Sauce or no sauce?
It's a discussion you hear all the time between barbecue lovers across North Carolina, Memphis, Kansas City and Texas. But you won't hear much argument for sauce when it comes to steak.
Unless you're Chris Webber.
The former NBA All-Star recently got into it with the staff at a high-end steakhouse over whether he should get to put the condiment on his cow. The restaurant informed Webber that they didn't carry steak sauce, nor would they whip any up for him. Webber handled the situation pretty well, electing to take it home and dress it up there.
"I put the steak in a nice to-go container, waited until my wife ate," Webber told ESPN Radio. "I took that steak home, put it on some bread, put a ton of steak sauce on it and I made a steak sandwich."
But the story didn't end there. Even the celeb gossipers at TMZ picked it up:
Then Webber returned to Twitter to ask his fans who was out of line, him or the restaurant.
"TMZ says i'm a steak snob! What do you think? Sauce or No Sauce?" Webber tweeted on Wednesday.
Technically, the restaurant would be the steak snob in this scenario, but I digress. Since then, the Twitter-verse has been flooded with people choosing sides by adding #sauce or #nosauce to their posts.
Even the Mayor of St. Louis chimed in with his approval for the condiment.
Webber also built a poll on his website for fans to vote. As of the time of this story, "sauce" had the edge by a single vote. (Sounds like the debt ceiling crisis.)

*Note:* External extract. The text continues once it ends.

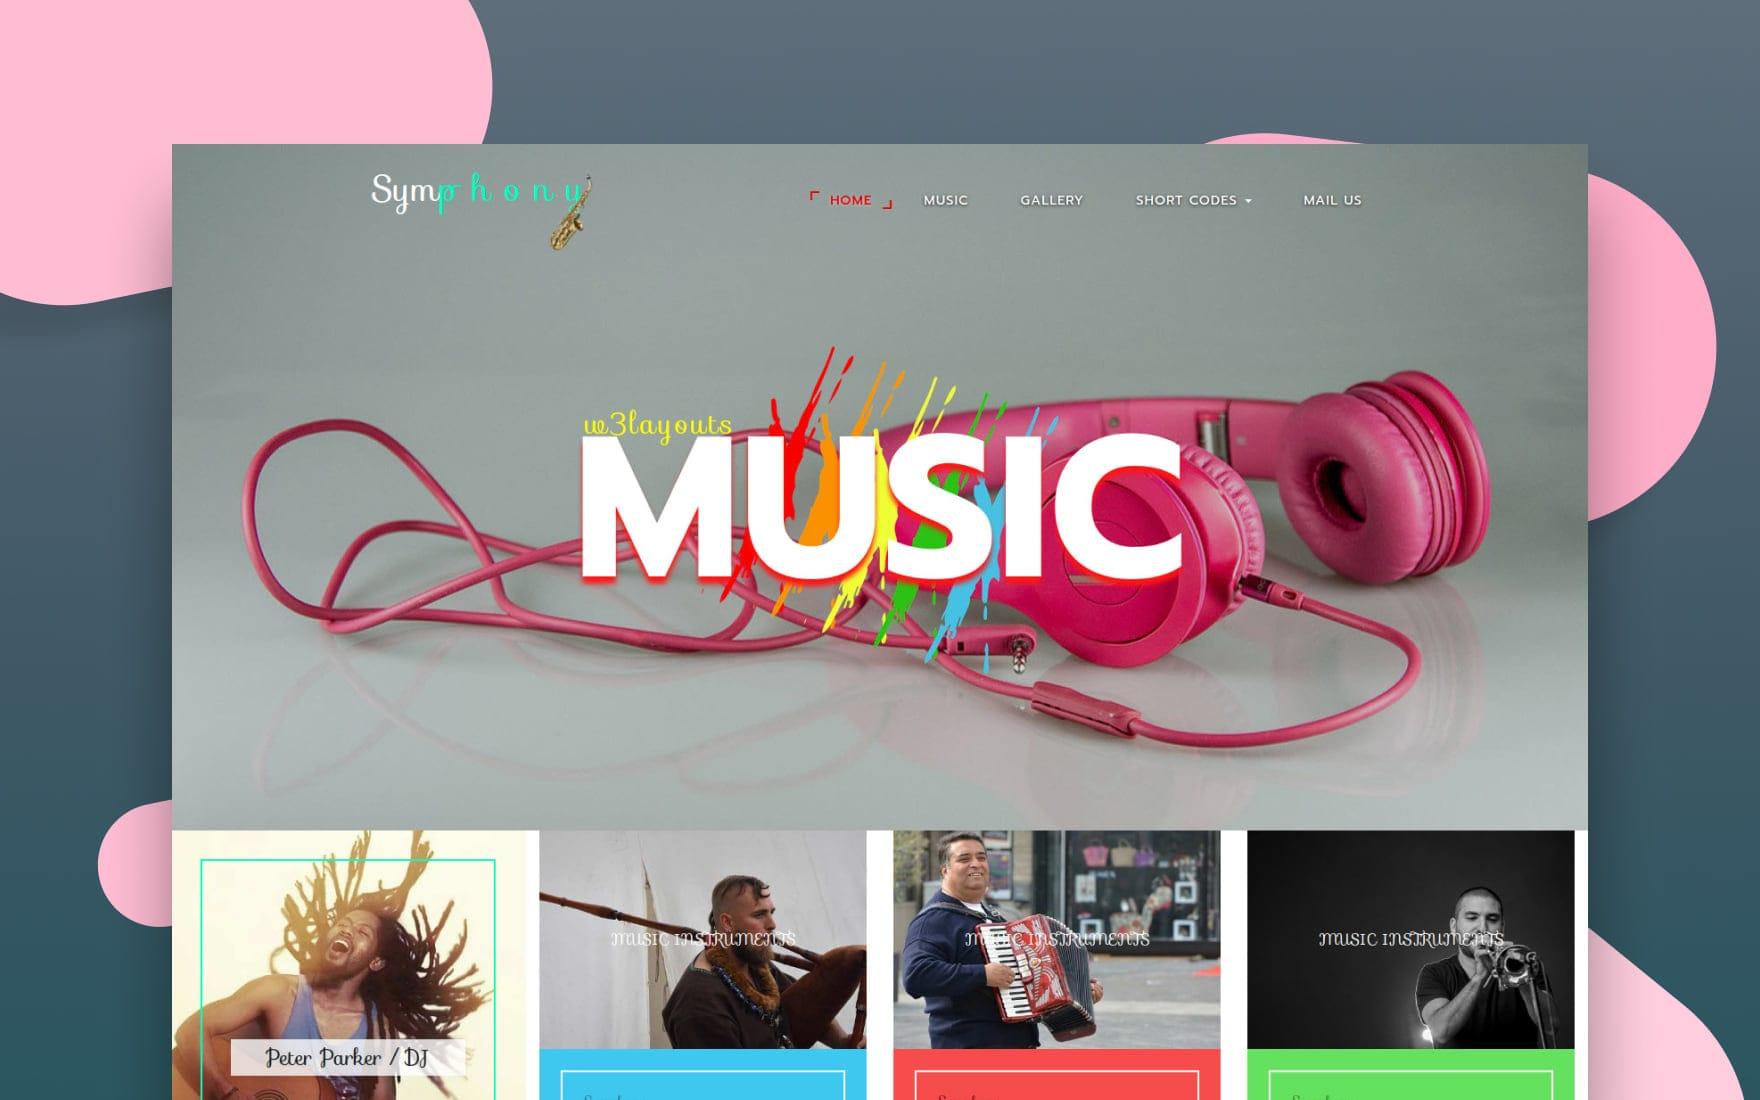 Symphony an Entertainment Flat Bootstrap Responsive Web Template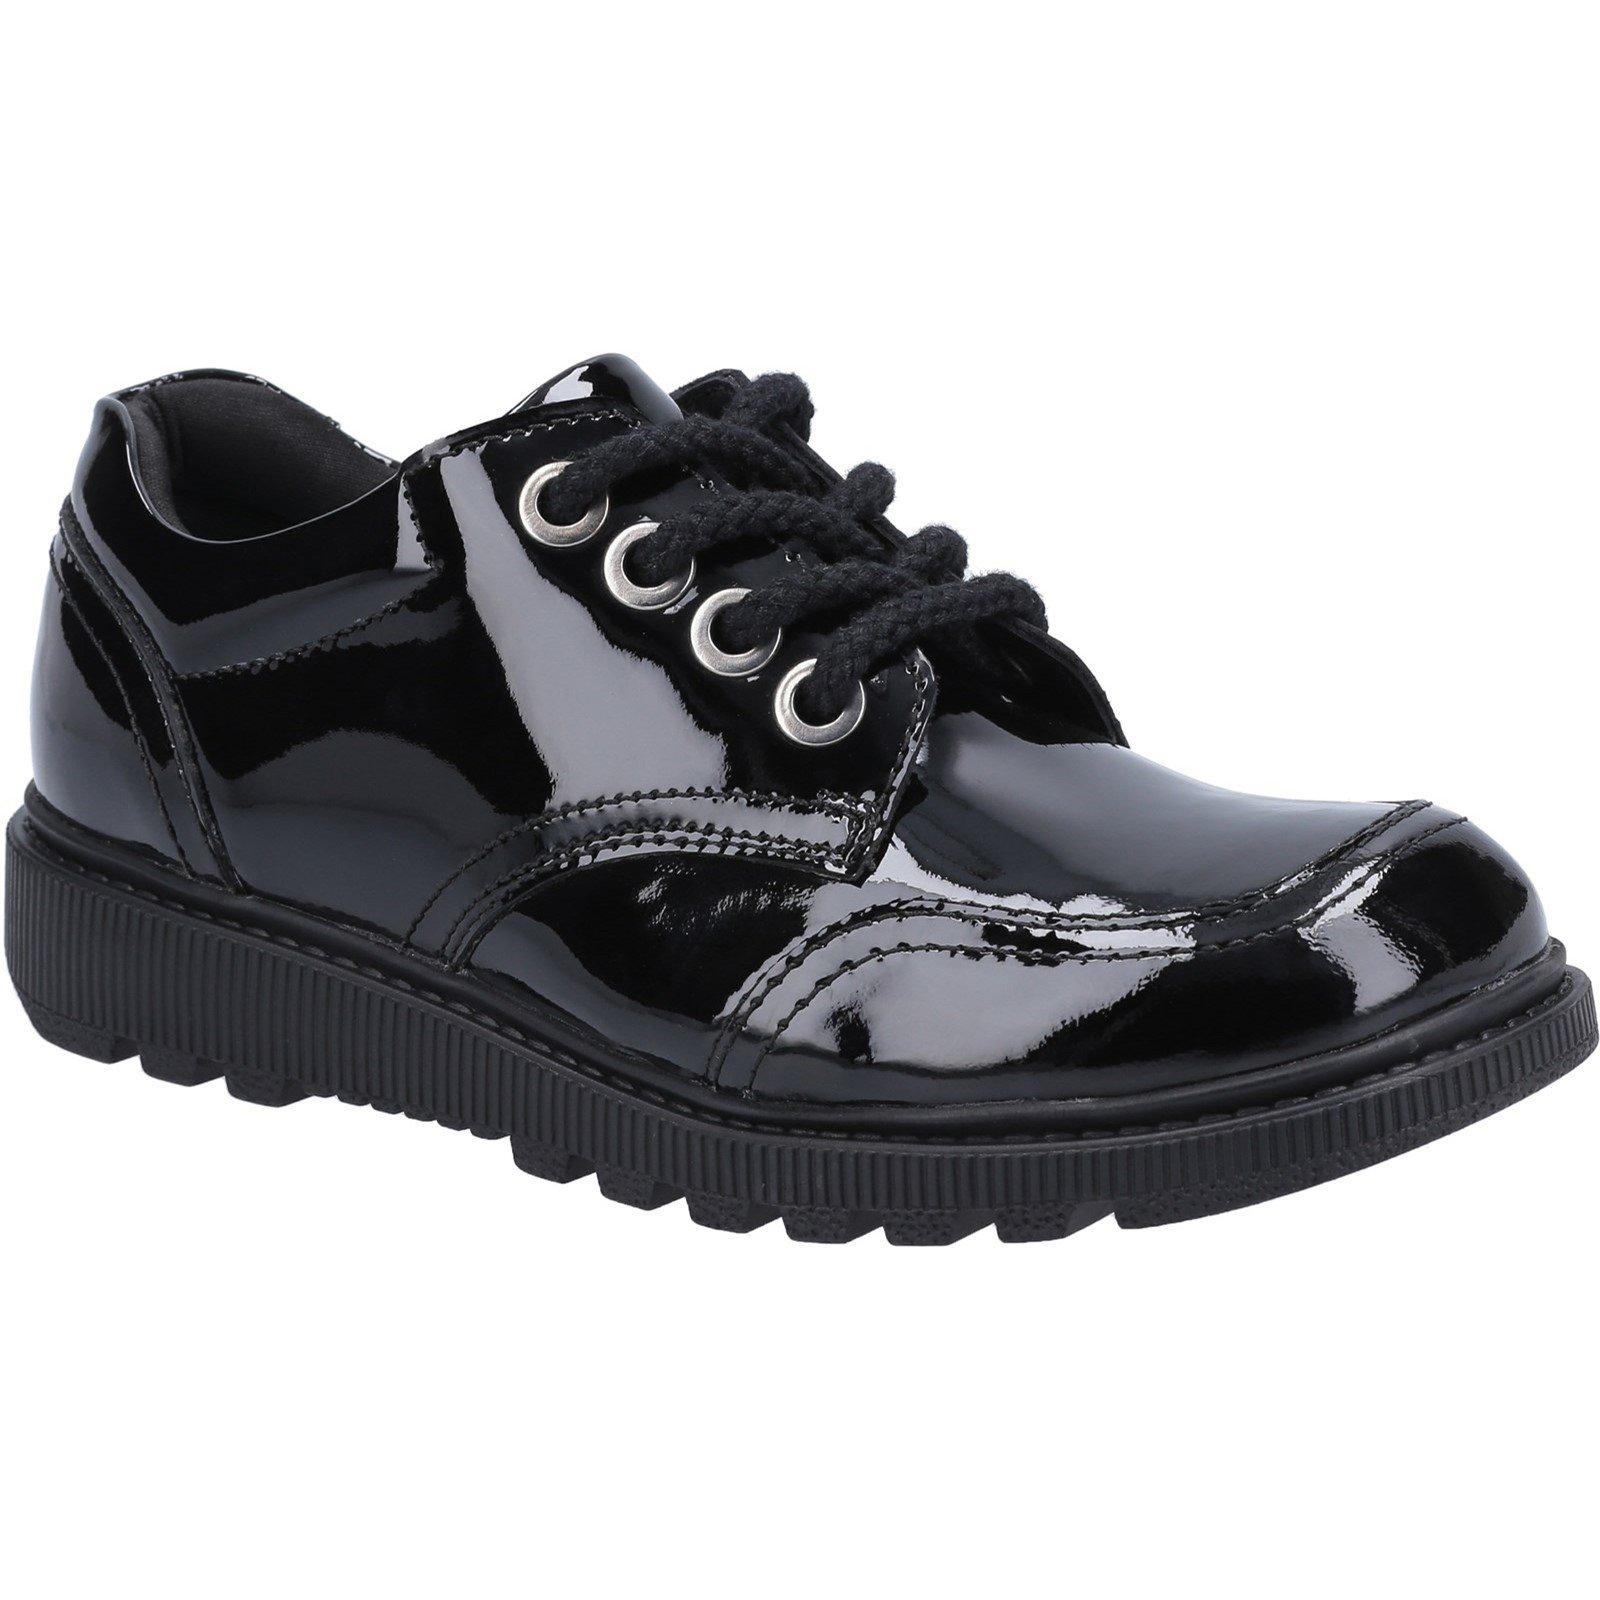 Hush Puppies Kid's Kiera Senior Patent School Shoe Black 30824 - Patent Black 6

It shouldn't be this close, though. We're not talking about a $9 steak from Sizzler. I'm sure many of you will disagree, like the time I told Gordon Hayward he needed to stop eating at Olive Garden. But don't order a dry-aged, $100 steak if you plan on dousing it in $2 A-1.
Webber is entitled to his opinion though, which he summed up with this tweet:
"Hamburger -- need ketchup Steaks need steak sauce I'm not European -- I love sauce Ok. I own a coffee shop I won't serve sugar or cream."
So the sauce or no sauce debate rages on. I guess we'll have to wait to get into the fact that he ordered his steak well-done.